◆ Goal of the exercise ◆
This exercise requires an exact output of the listing, images omitted.

◆ Collected material ◆

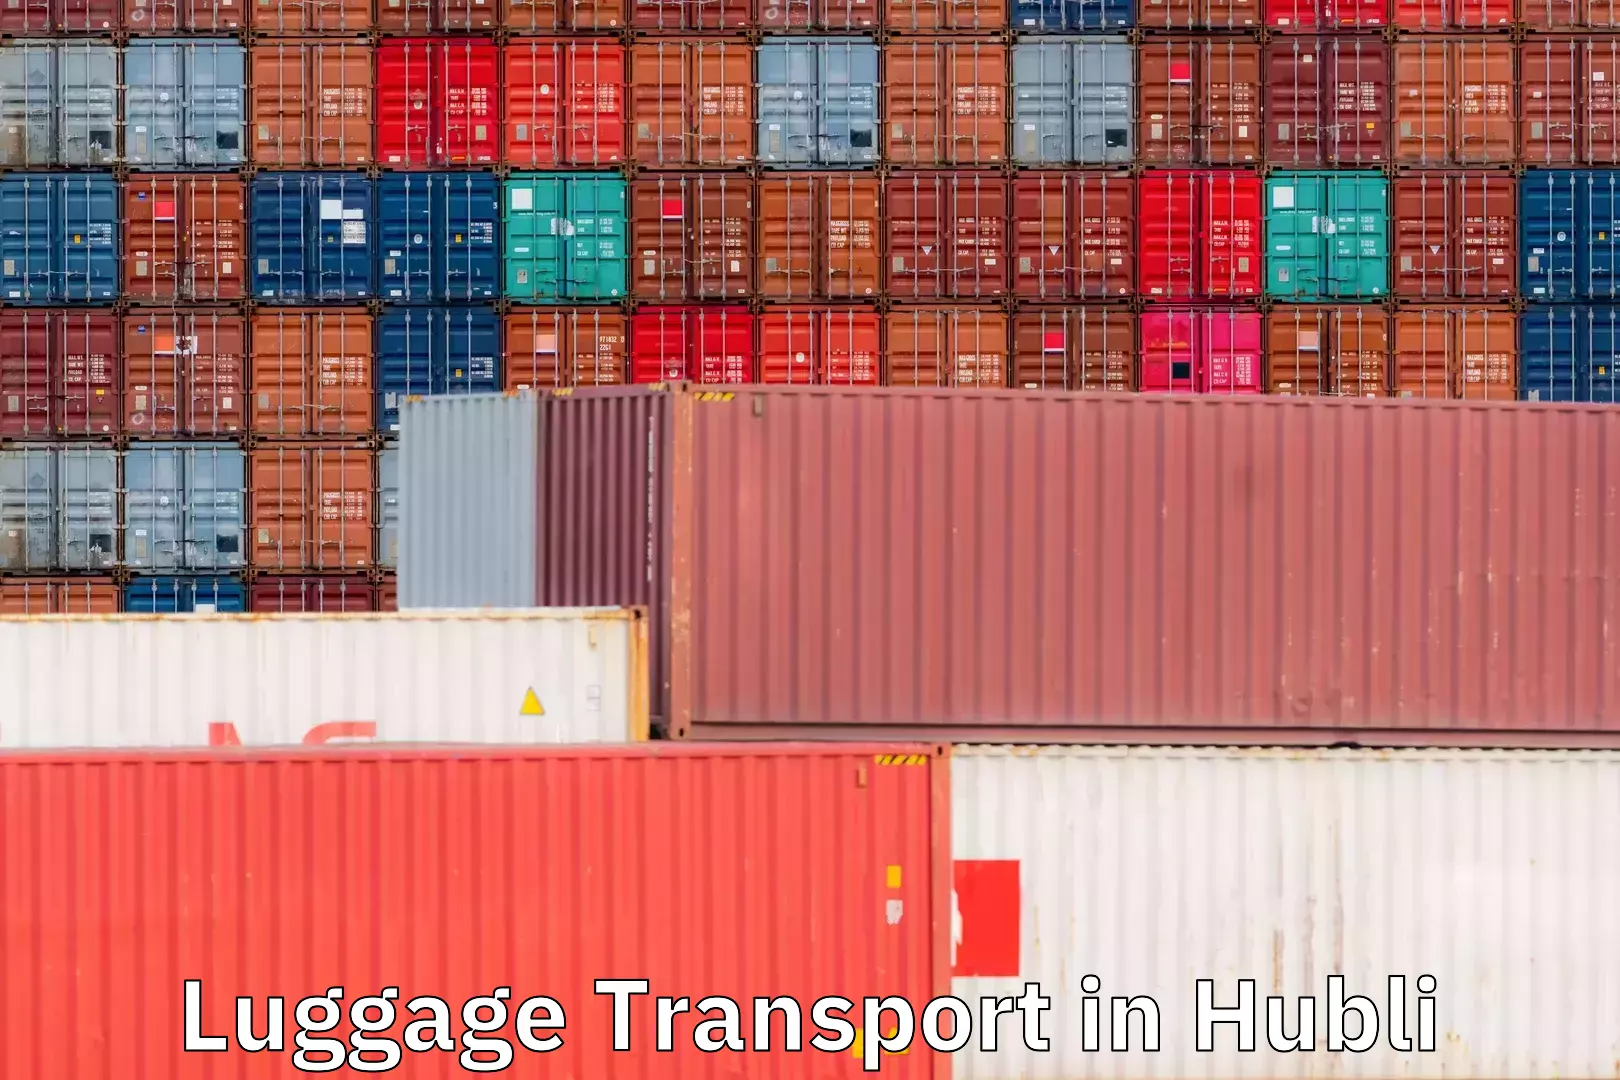 Global baggage shipping in Hubli
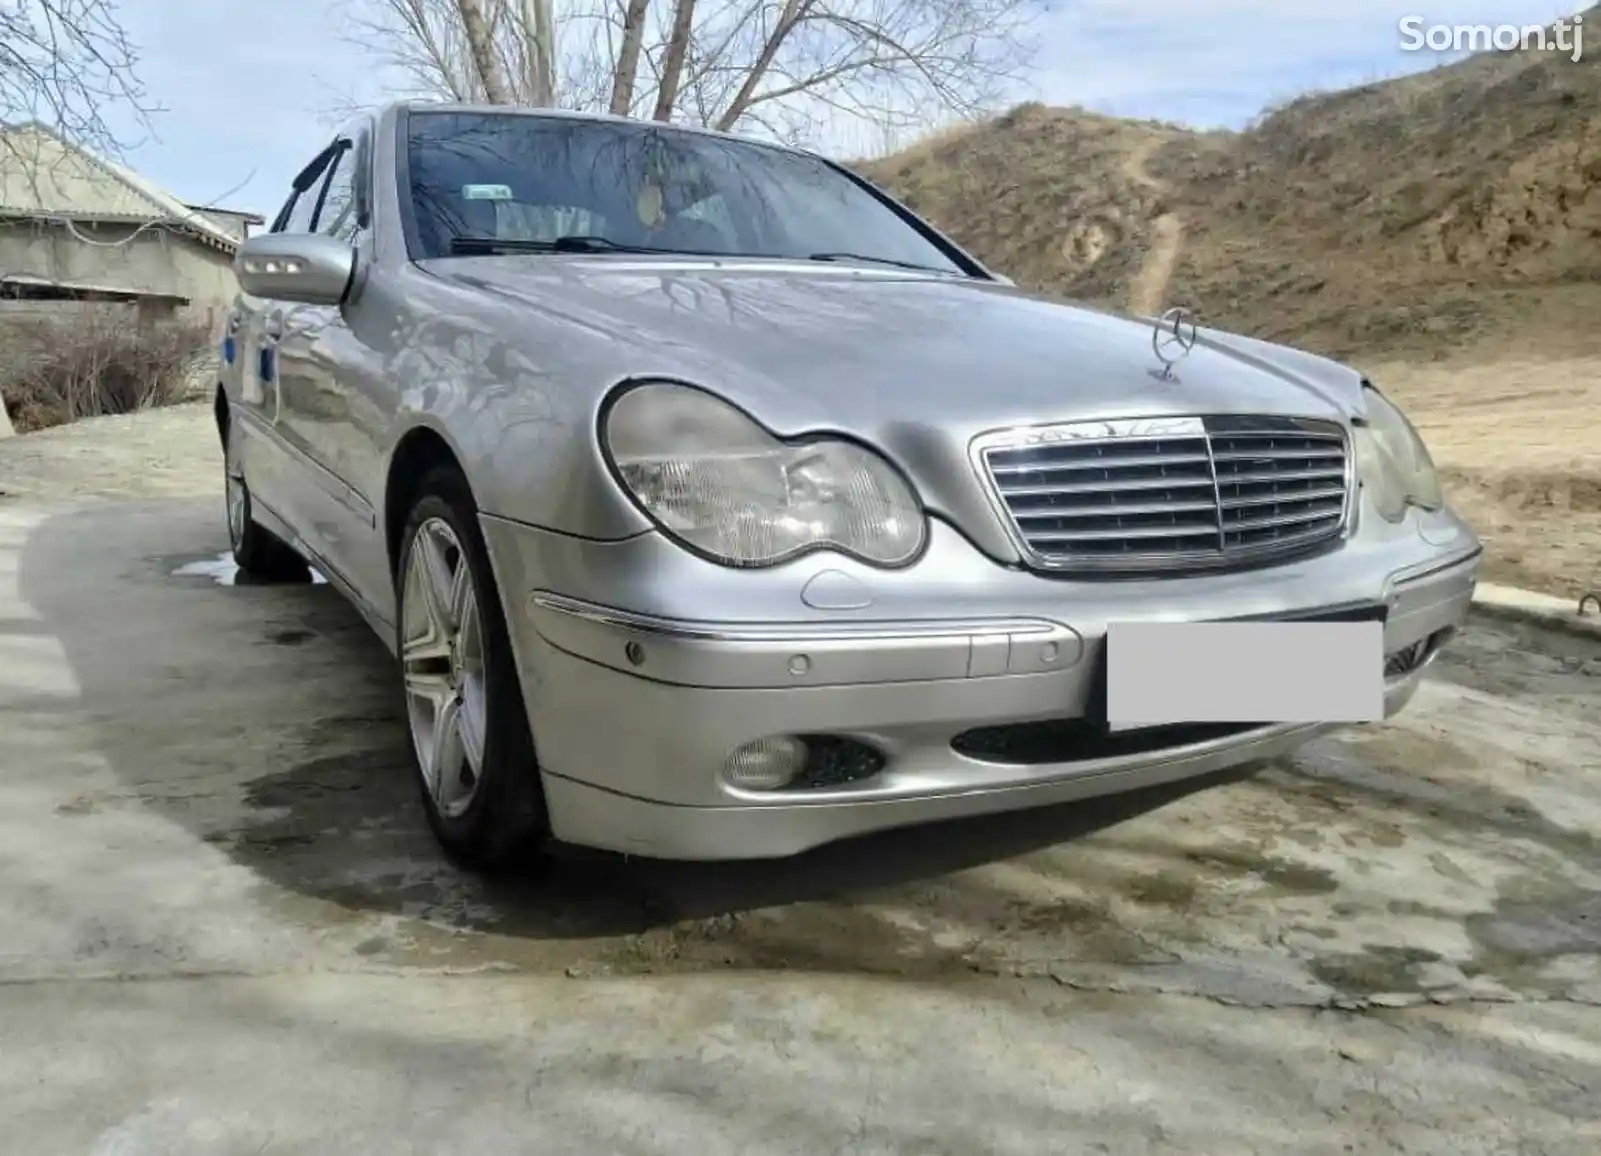 Mercedes-Benz C class, 2003-2
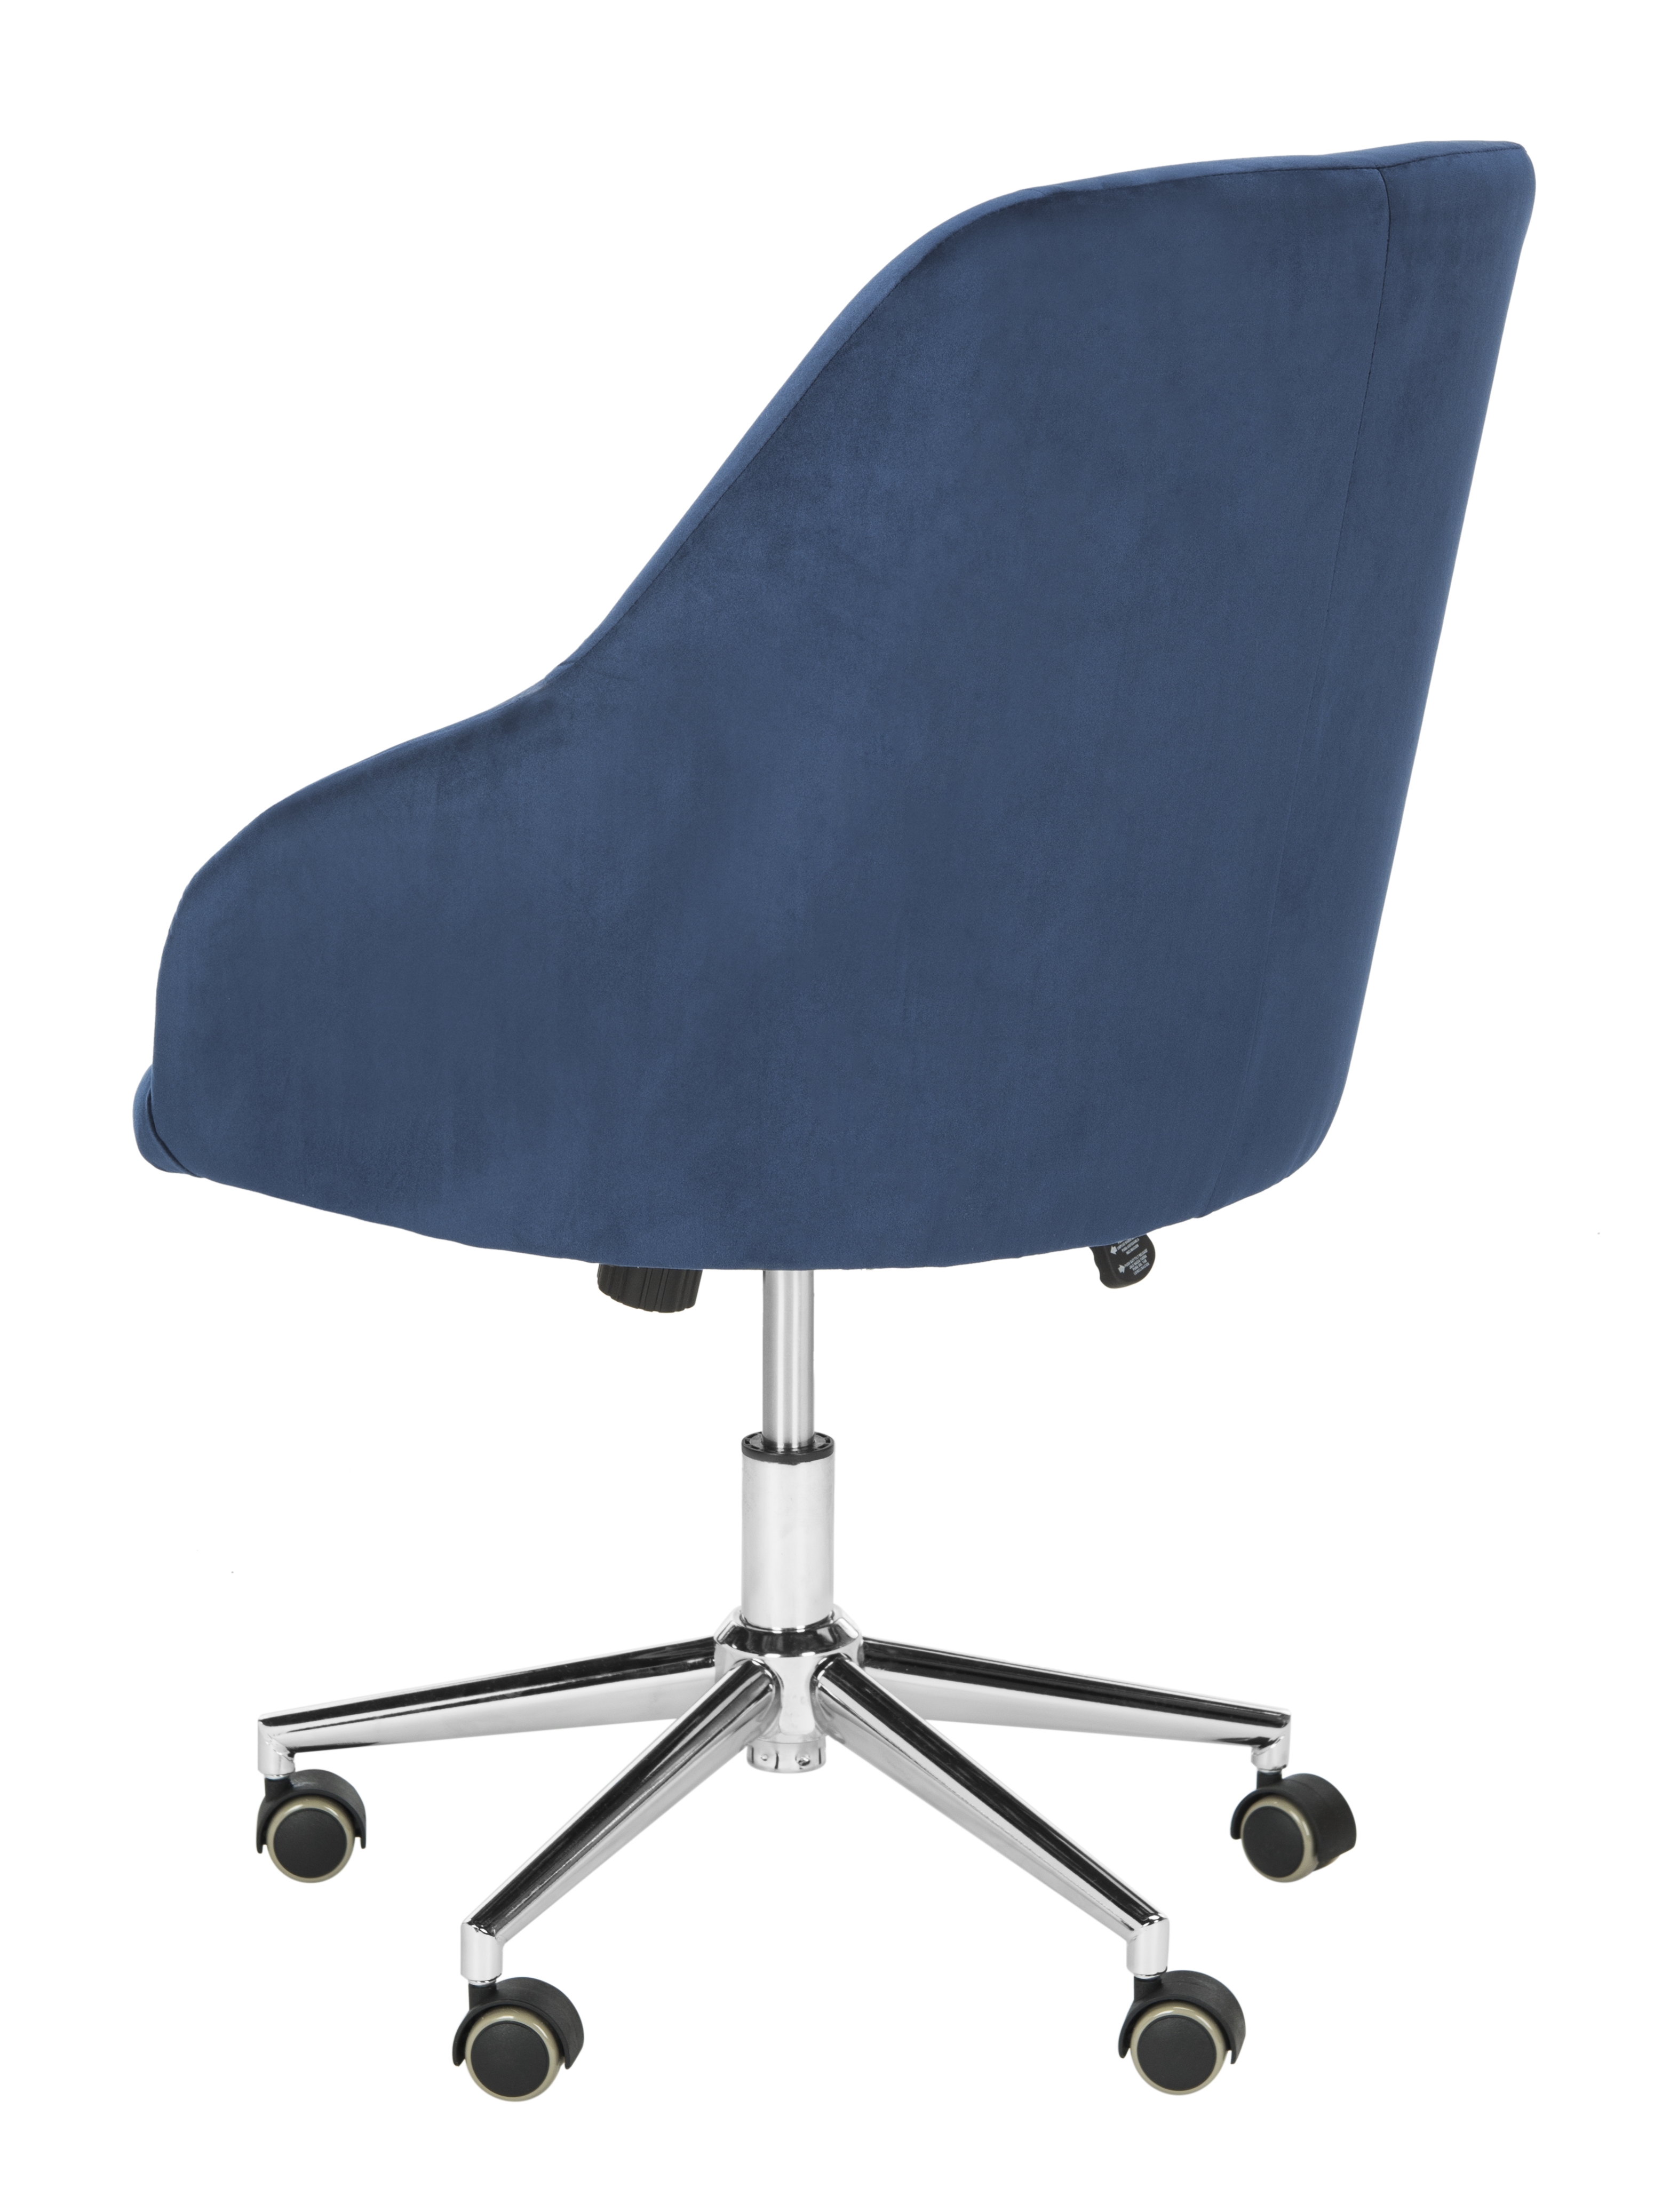 Adrienne Velvet Chrome Leg Swivel Office Chair - Navy/Chrome - Arlo Home - Image 4

◆ Answer box ◆
 Global baggage shipping in Hubli
 Mercedes-Benz C class, 2003-2
 Adrienne Velvet Chrome Leg Swivel Office Chair - Navy/Chrome - Arlo Home - Image 4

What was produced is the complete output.